_Your task_
Everything in the data except the pictures belongs in your answer, copied exactly.

_Available data_
= = = =

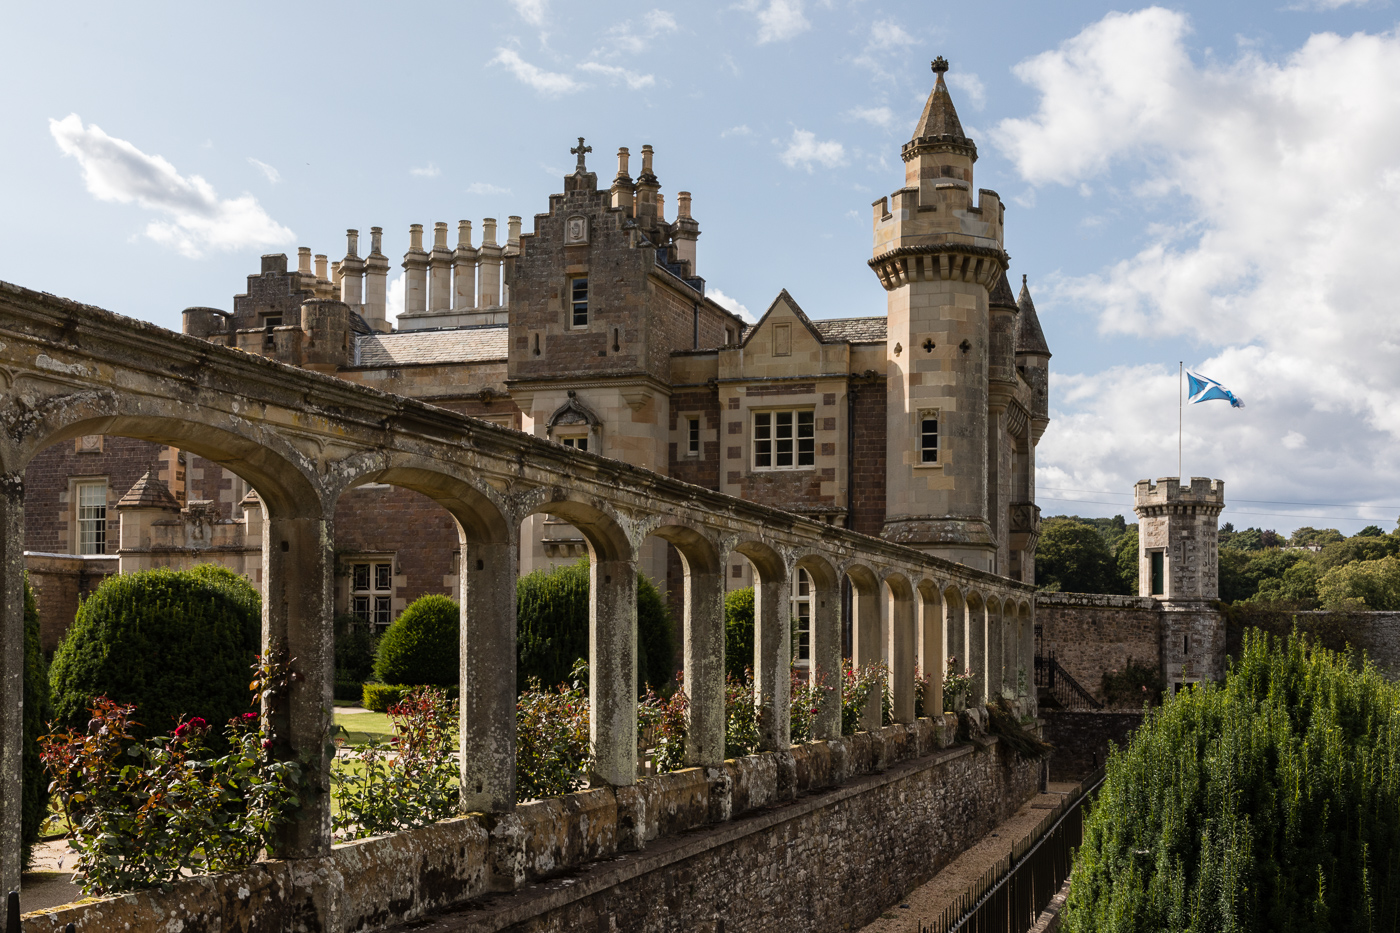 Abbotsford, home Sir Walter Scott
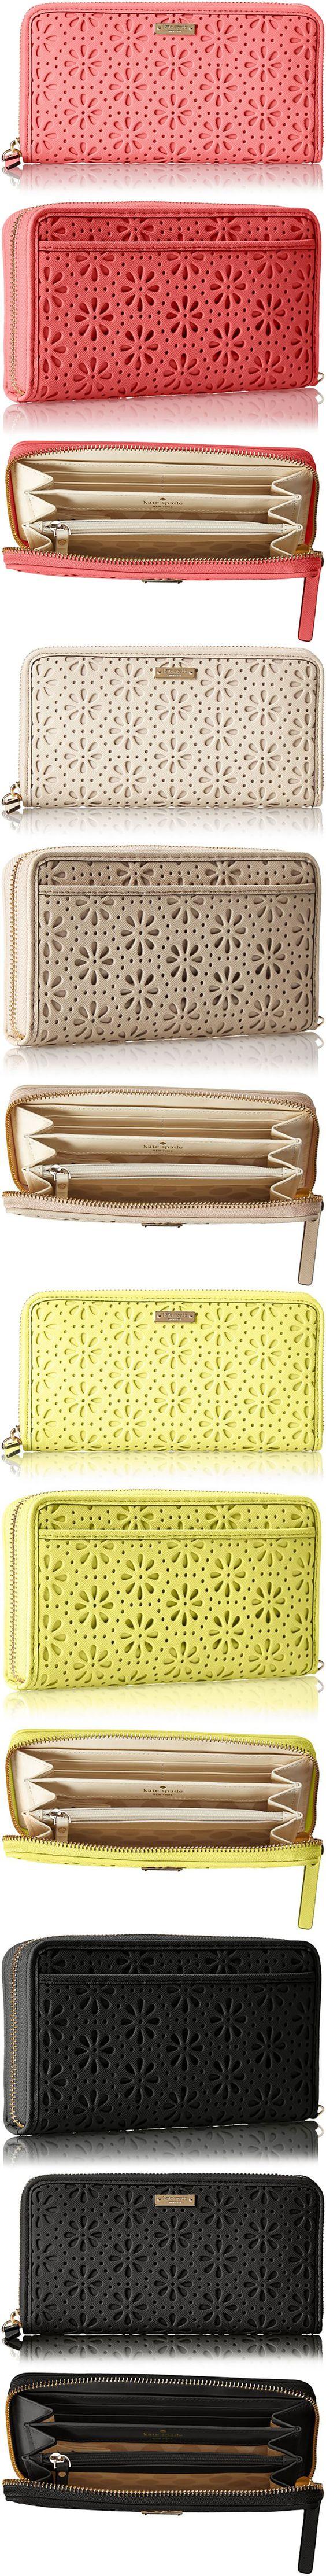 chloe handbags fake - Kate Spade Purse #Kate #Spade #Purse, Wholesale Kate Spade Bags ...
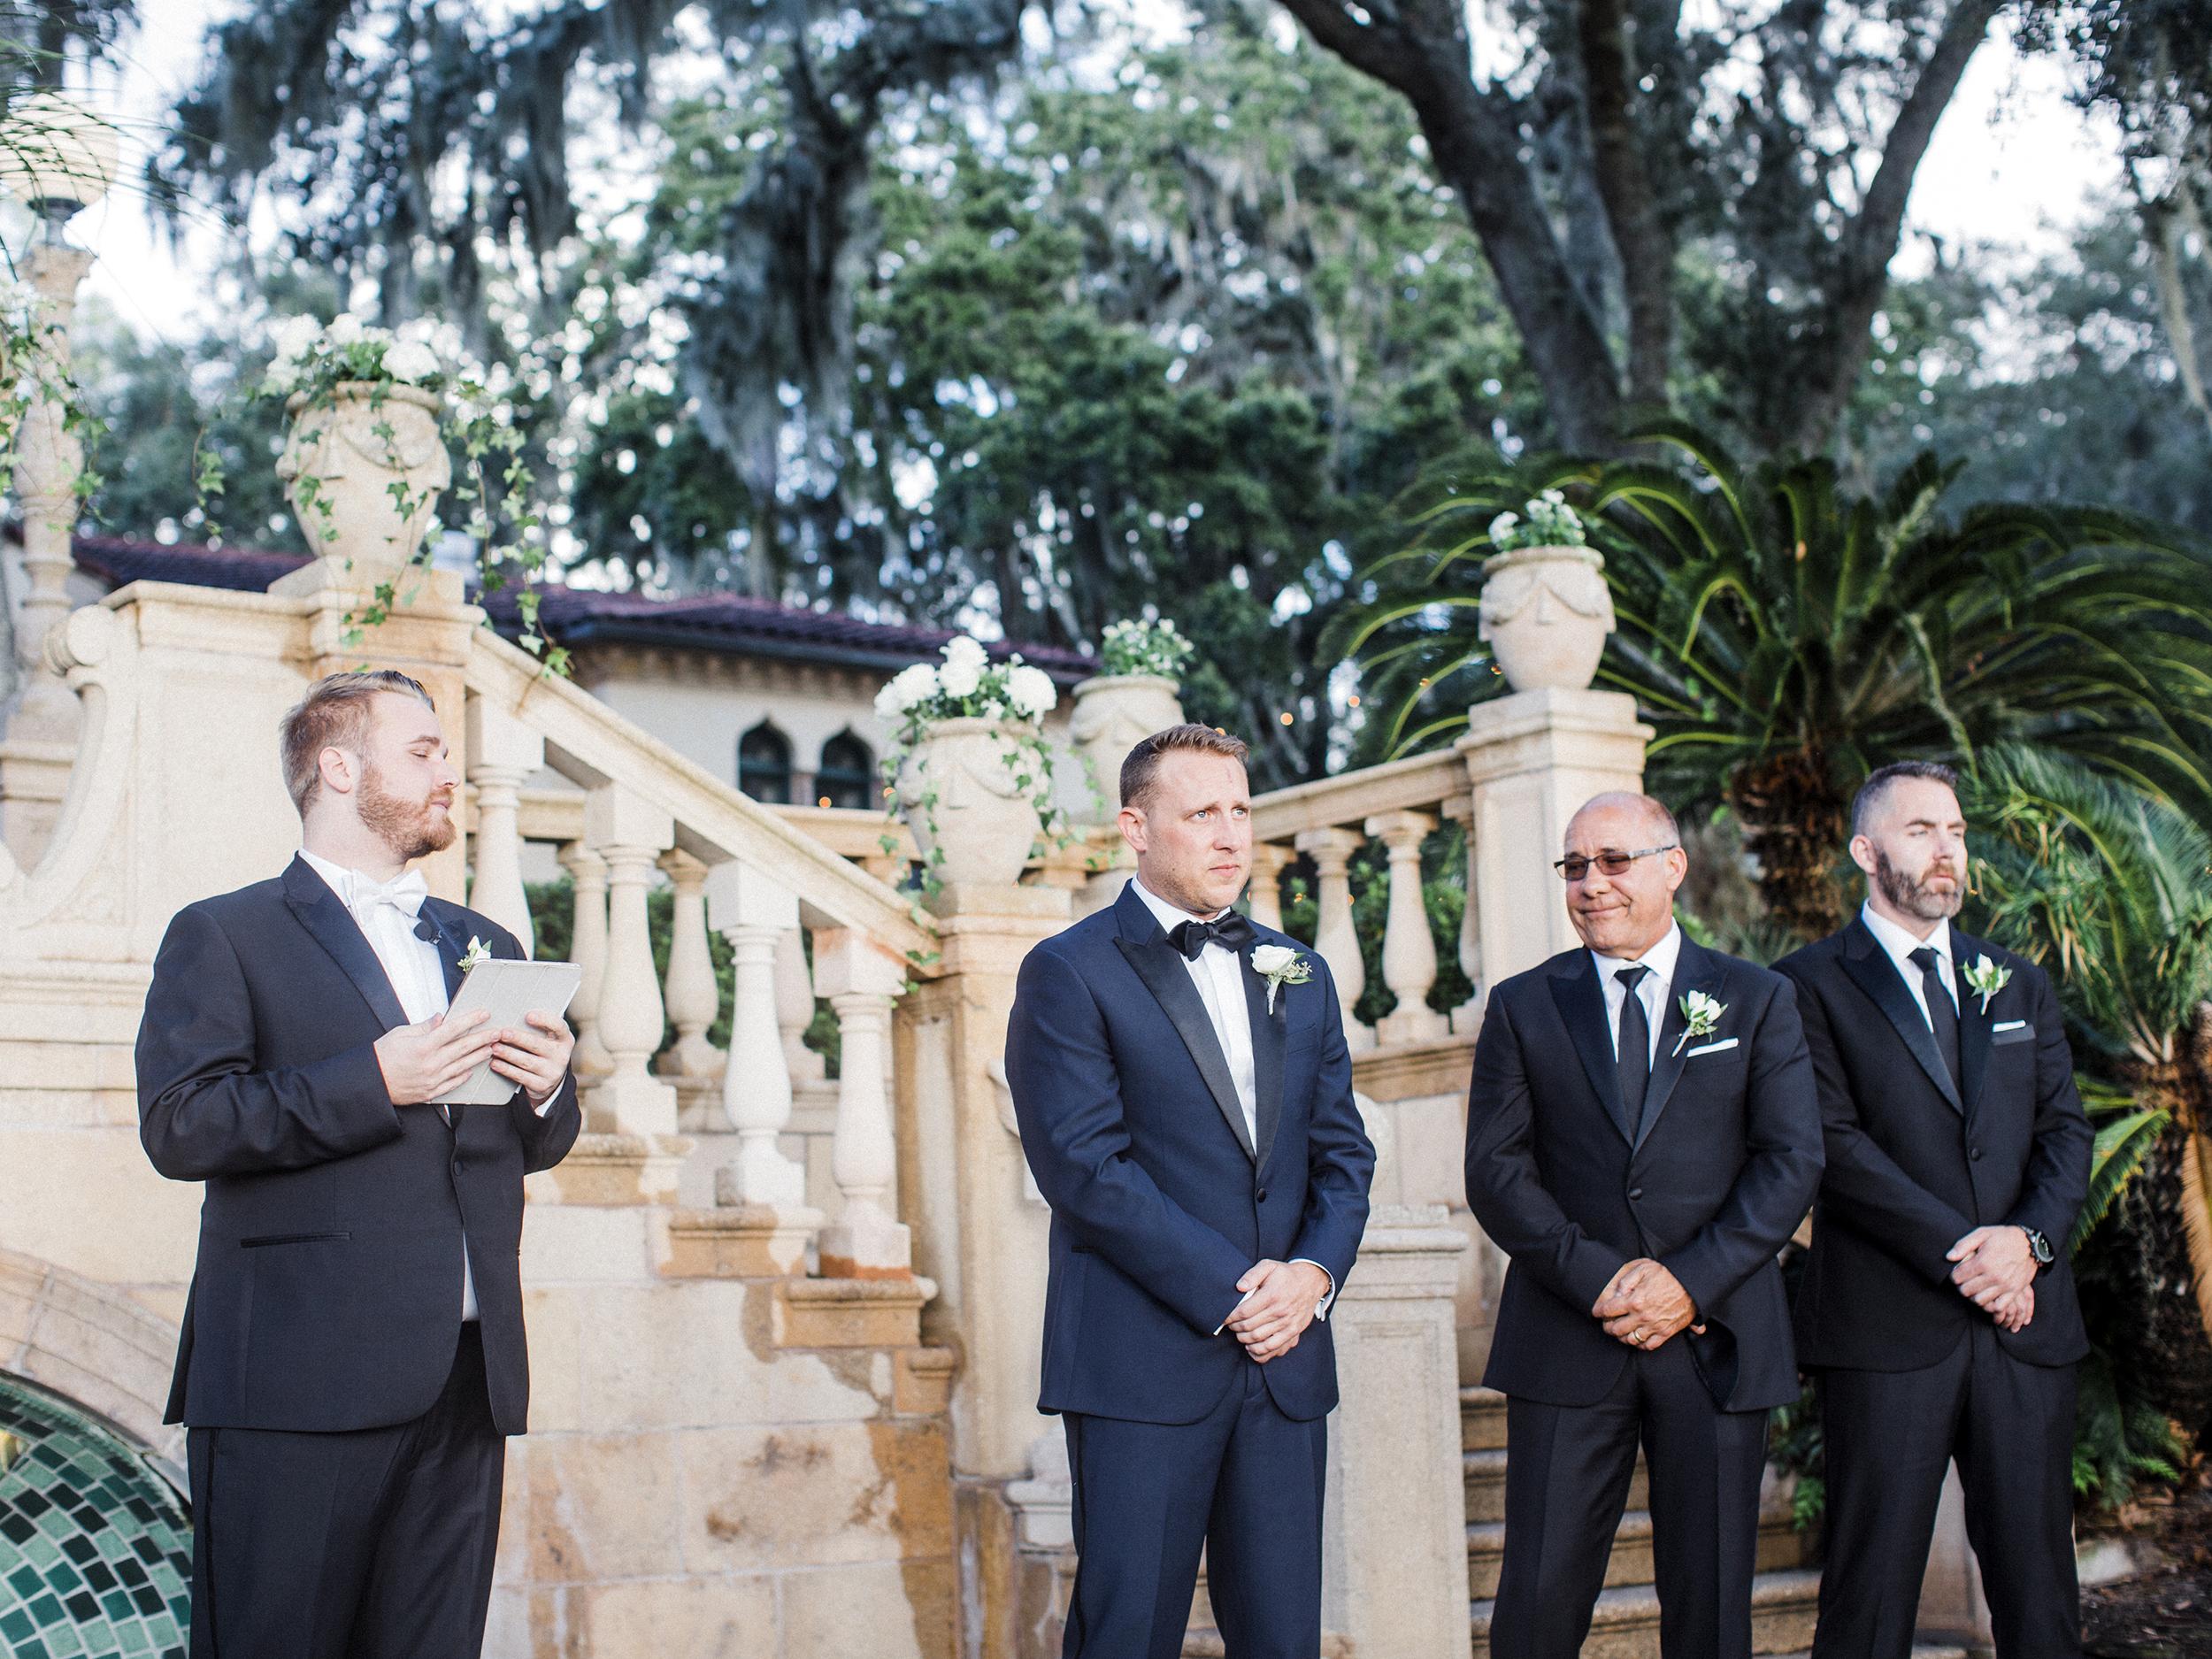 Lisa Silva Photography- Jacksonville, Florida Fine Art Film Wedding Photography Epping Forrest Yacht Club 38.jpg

= = = =

_Exercise output_
 Abbotsford, home Sir Walter Scott
 chloe handbags fake - Kate Spade Purse #Kate #Spade #Purse, Wholesale Kate Spade Bags ...
 Lisa Silva Photography- Jacksonville, Florida Fine Art Film Wedding Photography Epping Forrest Yacht Club 38.jpg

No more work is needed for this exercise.